Enhancement of vegetation-rainfall feedbacks on the Australian summer monsoon by the Madden–Julian Oscillation
A regional climate modeling analysis of the Australian monsoon system reveals a substantial modulation of vegetation-rainfall feedbacks by the Madden Julian Oscillation (MJO), both of which operate at similar sub-seasonal time scales, as evidence that the intensity of land–atmosphere interactions is sensitive to the background atmospheric state.
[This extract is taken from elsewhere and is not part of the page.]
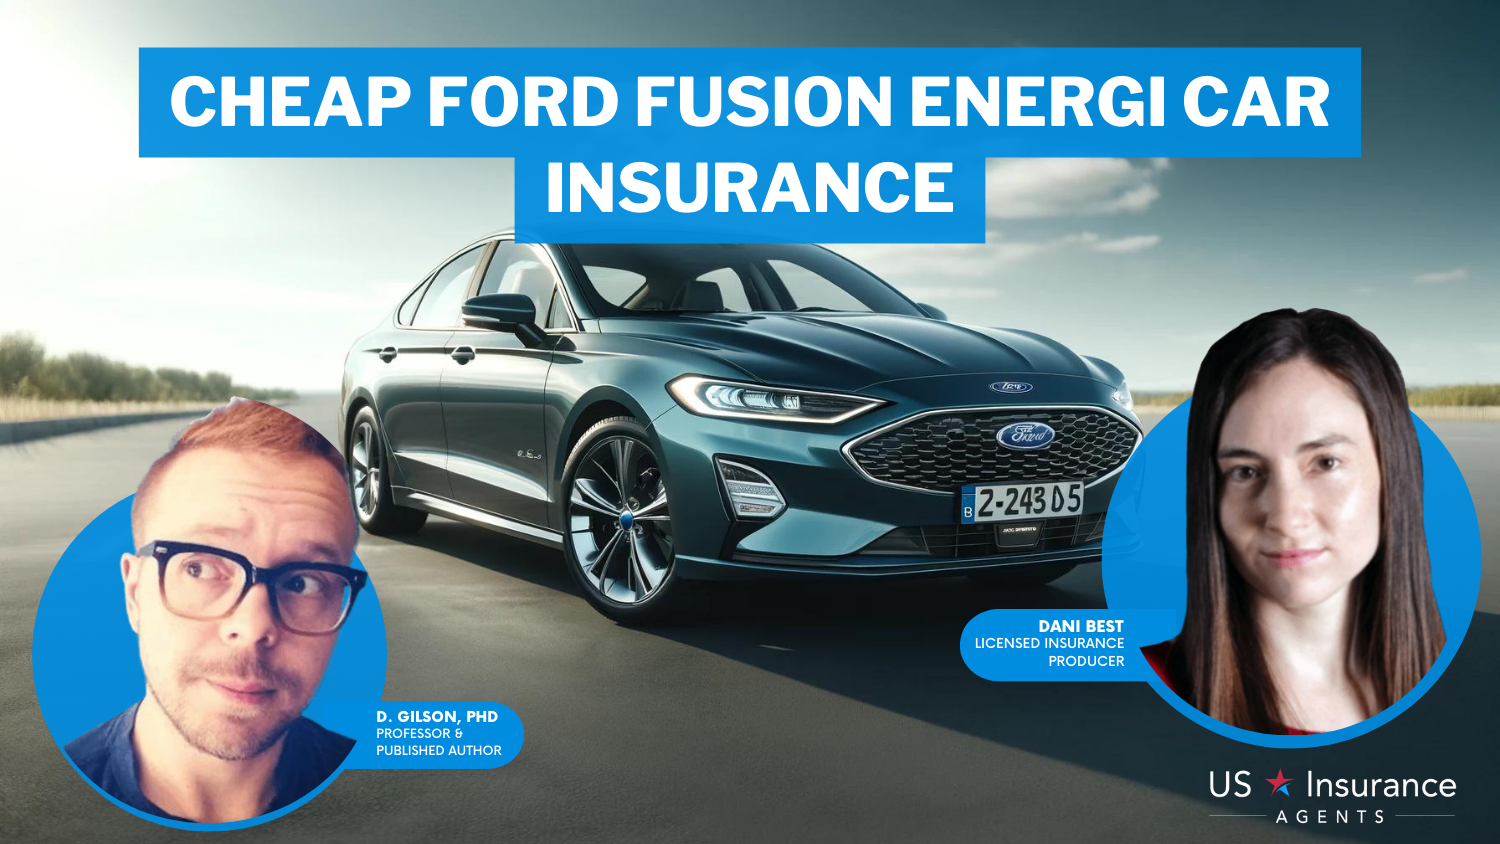 Cheap Ford Fusion Energi Car Insurance: Auto-Owners, Erie, AAA

Based on ensemble experiments with imposed modification of northern Australian leaf area index (LAI), the atmospheric responses to LAI anomalies are composited for negative and positive modes of the propagating MJO. In the regional climate model (RCM), northern Australian vegetation feedbacks are characterized by evapotranspiration (ET)-driven rainfall responses, with the moisture feedback mechanism dominating over albedo and roughness feedback mechanisms. During November–April, both Tropical Rainfall Measuring Mission and RCM data reveal MJO’s pronounced influence on rainfall patterns across northern Australia, tropical Indian Ocean, Timor Sea, Arafura Sea, and Gulf of Carpentaria, with the MJO dominating over vegetation feedbacks in terms of regulating monsoon rainfall variability. Convectively-active MJO phases support an enhancement of positive vegetation feedbacks on monsoon rainfall. While the MJO imposes minimal regulation of ET responses to LAI anomalies, the vegetation feedback-induced responses in precipitable water, cloud water, and rainfall are greatly enhanced during convectively-active MJO phases over northern Australia, which are characterized by intense low-level convergence and efficient precipitable water conversion. The sub-seasonal response of vegetation-rainfall feedback intensity to the MJO is complex, with significant enhancement of rainfall responses to LAI anomalies in February during convectively-active MJO phases compared to minimal modulation by the MJO during prior and subsequent calendar months.